Мастур-Батыр, коему мирные переговоры надоели, выступил вперед во всей своей красе, дико вращая глазами и лупя себя в грудь, заорал благим матом:
– Моя шайтан, бачка, шайтан! Тебя ашать пришел, пожалуйста!
Многое повидал гонимый ветрами Абу-Симбел, но это зрелище оказалось выше его сил – рухнул в обморок. Господа газетиры с молодецкими воплями ринулись на штурм подворья.
Следствием сего предприятия было появление в редакции «Кузькиной матери» полудюжины чернооких секретарш. Князю, получившему жалобу от Абу-Симбела, Щенко объяснил, что специфика газетной работы и борьбы с жидомасонством требует феминизации конкретного сектора. Князь ровным счетом ничего не понял, а потому и не спорил.
Ответный удар
Вскоре в Киев на запаленном коне примчался половецкий хан Кончак, расспросил у прохожих, где находится редакция «Кузькиной матери», и прямиком отправился туда.

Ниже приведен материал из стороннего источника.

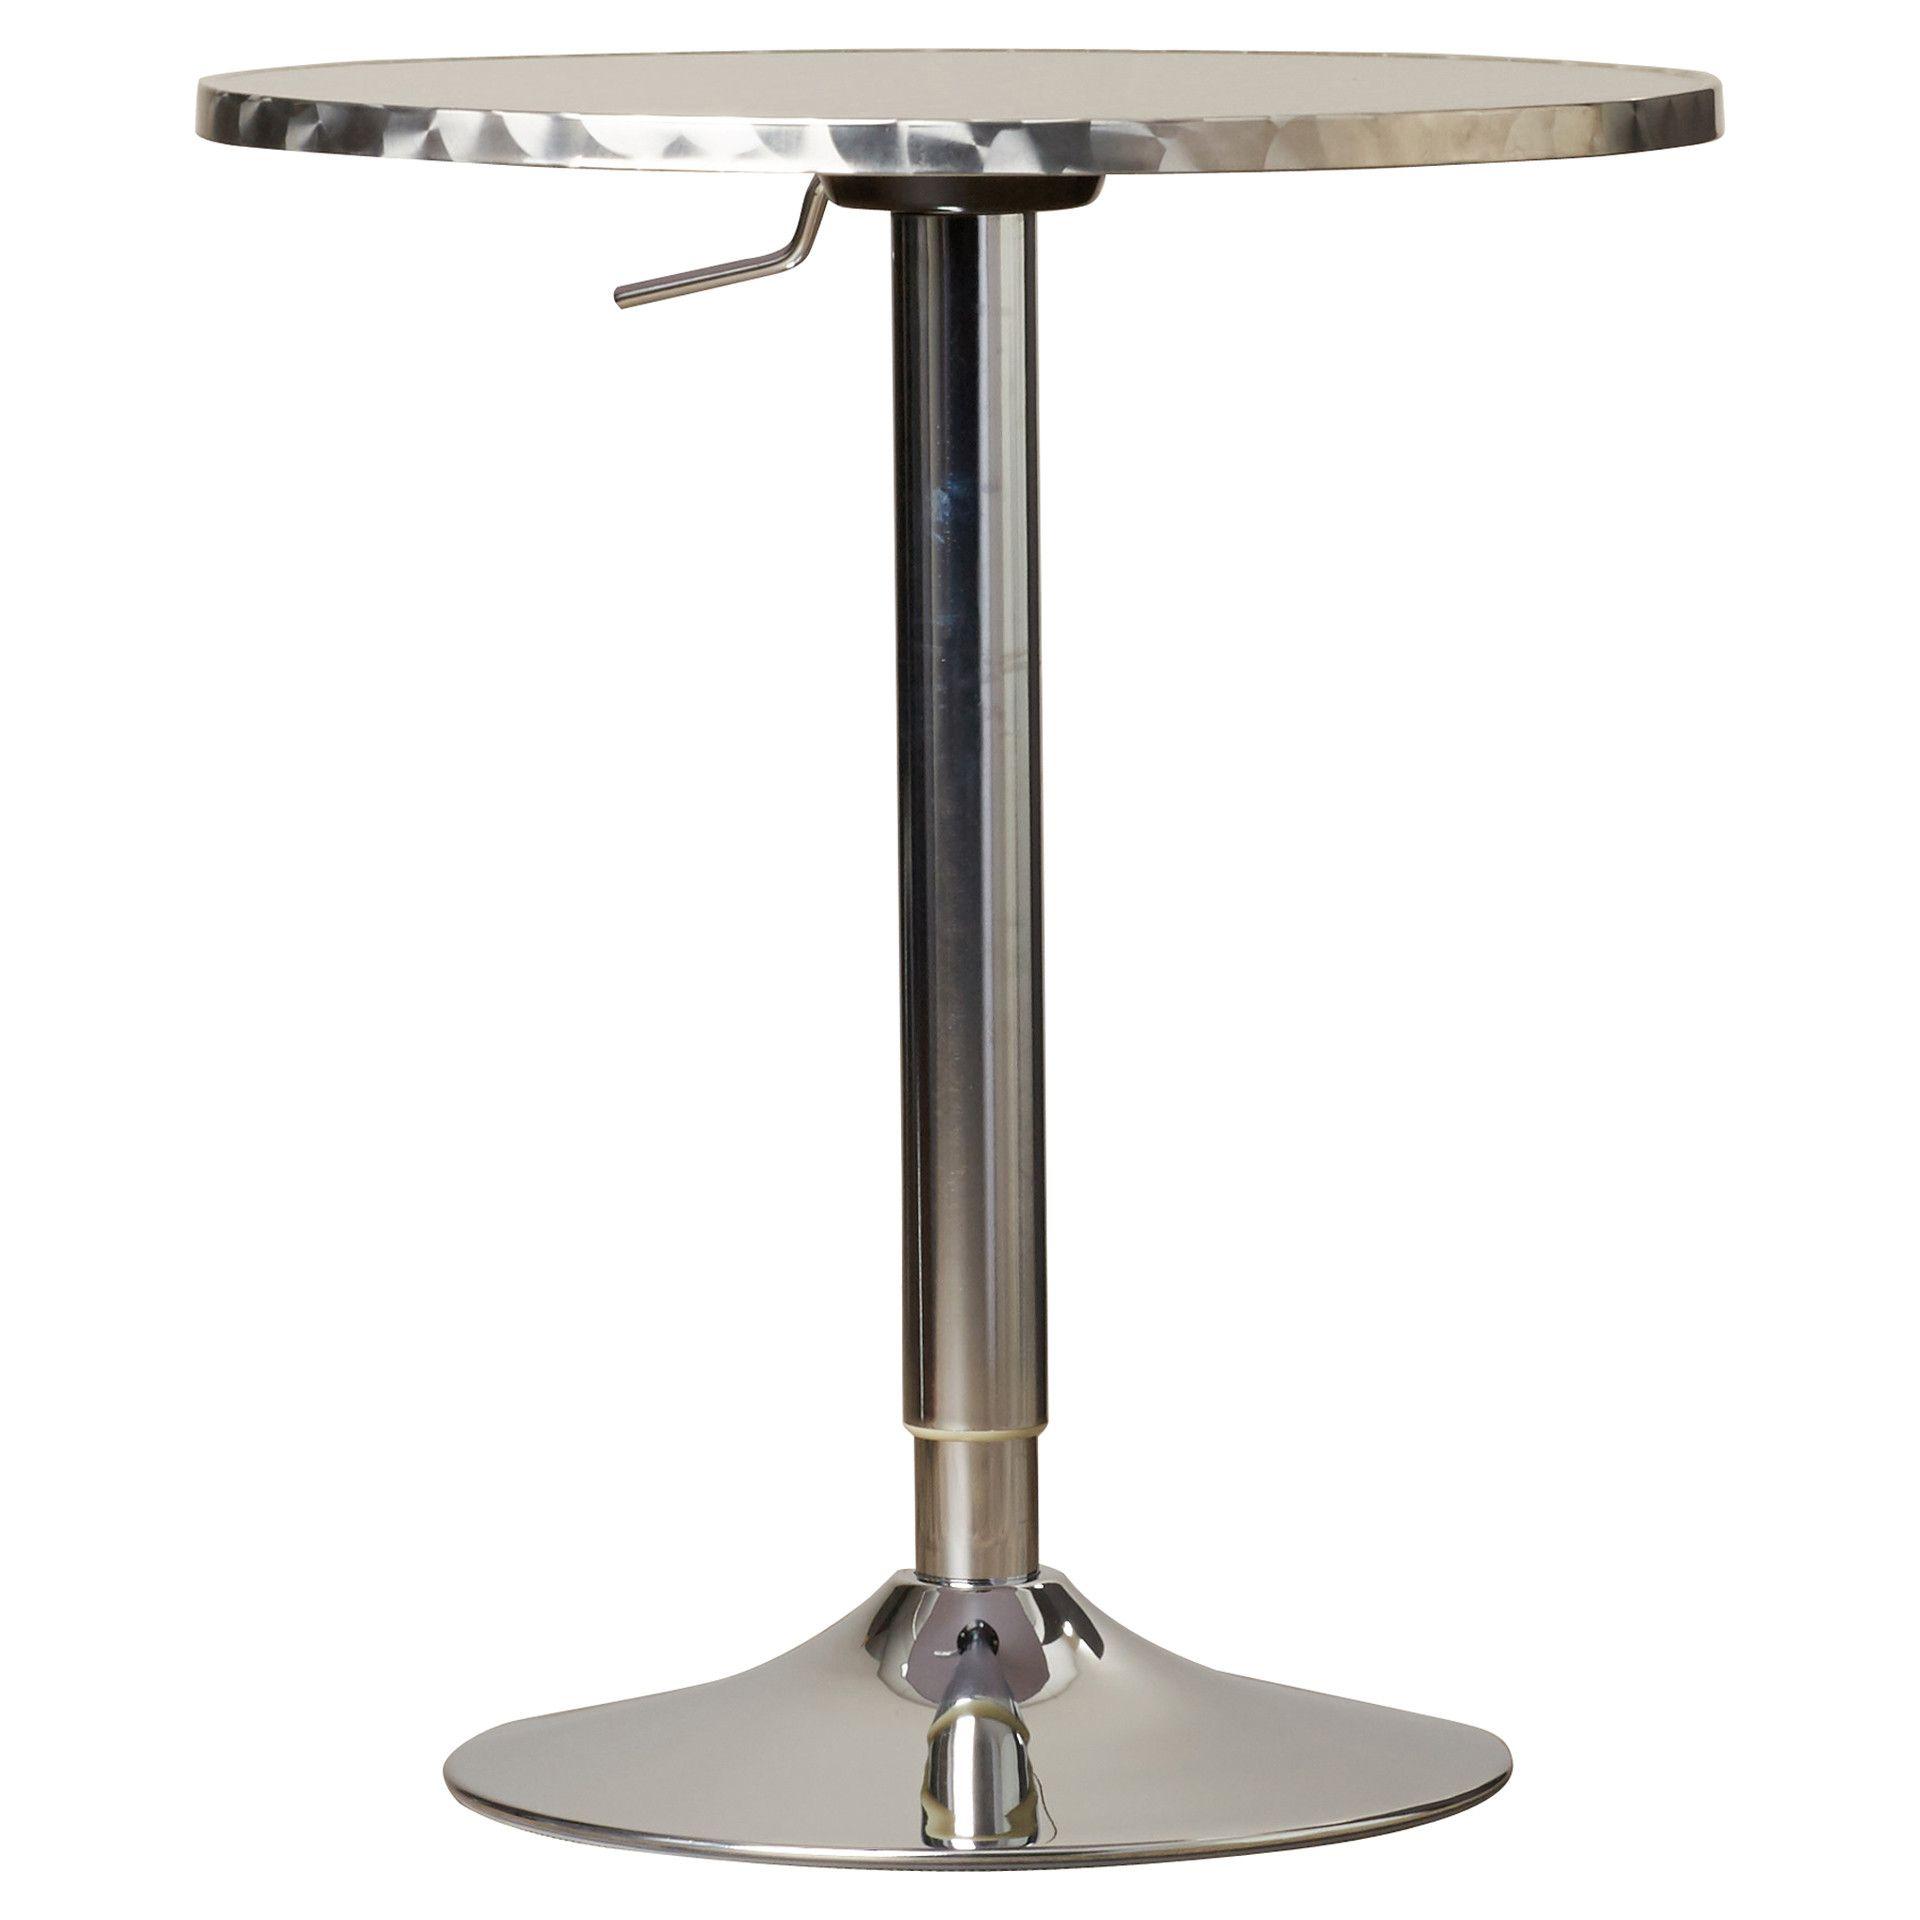 Adlai Adjustable Pub Table Products Pinterest Products - Adjustable height cafe table

Двор был пуст, а окна редакции распахнуты настежь, оттуда доносился звон кубков и развеселые песни непристойного содержания. Нетерпеливо поерзав в седле, Кончак заорал:
– Собаки! Шакалы газетные! Подать мне этого, как его… редактора!
Вскоре на крыльцо, пошатываясь, выбрался Щенко, уцепился за перила в целях сохранения равновесия, с удовольствием обозрел разъяренного гостя и сказал:
– Ага… Тебе какого рожна, кочевая морда?
– Пиши это, как его! – взревел Кончак. – Мне по дороге книжники растолковали… Опровержение пиши, вот! Кем ты меня перед всем Диким полем выставил?! Добром пока прошу!
– Господа газетиры! – позвал Щенко. – Полюбуйтесь на сего мизерабля. Опровержение ему, видите ли, подавай… Мало тебе оперы Бородина?
Пьяные газетиры вперемежку с черноокими секретаршами высунулись в окна и обозревали кипящего от ярости гостя.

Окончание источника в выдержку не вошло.